Water, its use and abuse, trickles through Great American Desert, spanning the misadventures of the prehistoric Clovis people to the wanderings of a forlorn couple around a pink pyramid in a sci-fi prairie. In “Dutch Joe,” the eponymous hero sees the future from the bottom of a well in the Sandhills, while a woman tries to drag her sister back from insanity in “Dirty Thirties.” In “Bomb Jockey,” a local Romeo disposes of leaky bombs at South Dakota’s army depot. A family quarrels in “Ogallala Aquifer” as a thousand trucks dump chemical waste next to their land. Bugs and drugs are devoured in “Alfalfa,” a disc jockey talks her way out of a knifing in “Sally Rides,” and an updated Pied Piper begs parents to reconsider in “The Mountain.” The consequences of the land’s mistreatment is epitomized in the final story by a discovery inside a pink pyramid.

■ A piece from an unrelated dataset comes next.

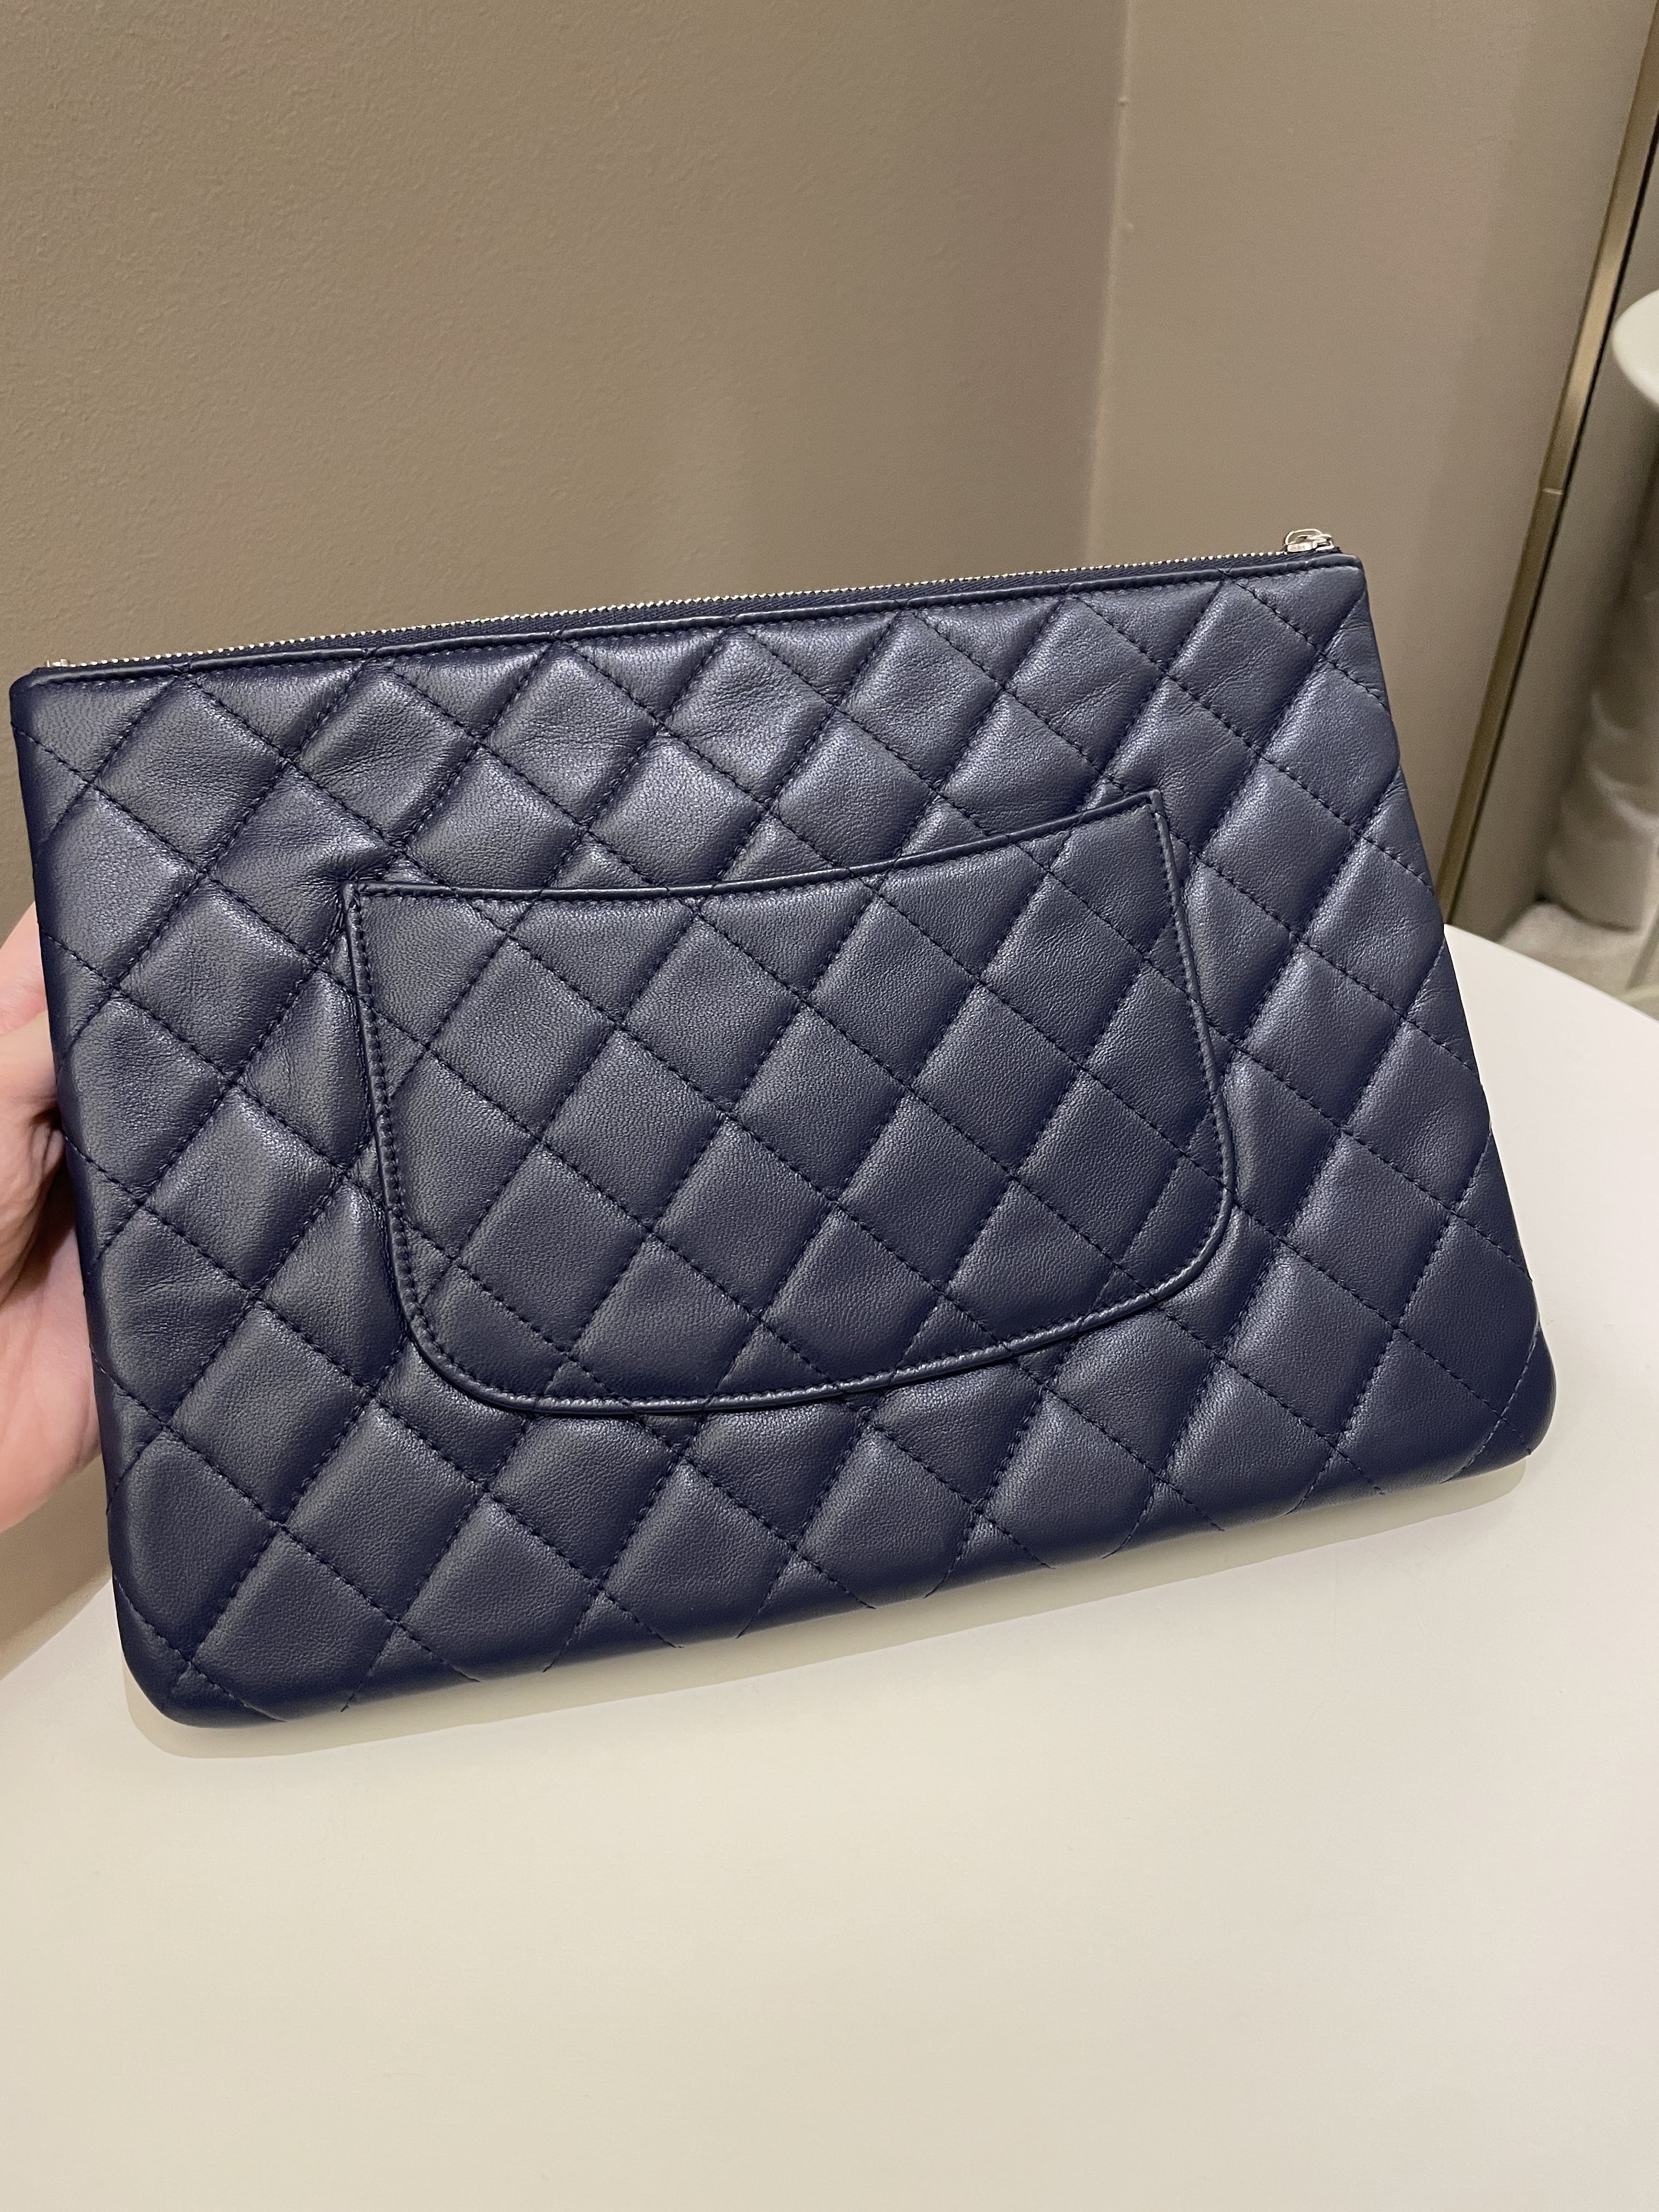 Chanel Quilted Leather Multi Pocket Zip Clutch
Multicolor

The book was starred by both Booklist and Kirkus.
“[Svoboda’s] enigmatic sentences, elliptical narratives, and percussive plots delve into the possibilities of form, genre, and plausible futures, but always with an eye on the vast subterranean psychologies of her all-too-real creations.” — Kirkus.
“Great American Desert is a devious and extraordinary new collection of stories from one of our best writers, Terese Svoboda.” — Karen Russell.
“Svoboda has brought a poet’s lyrical intensity and factual density to prose fiction, and writes like no one else.” — Tom McGuane.
“Stunning, deeply felt, and uniquely perceptive.” — Los Angeles Review of Books.
“Stories that surprise, disturb, and amuse in equal measure.” — Publisher’s Weekly.
“This is a wonderful, and fiercely original collection for anyone who enjoys fiction in any genre—literary, speculative, horror, romance.” — Litpub.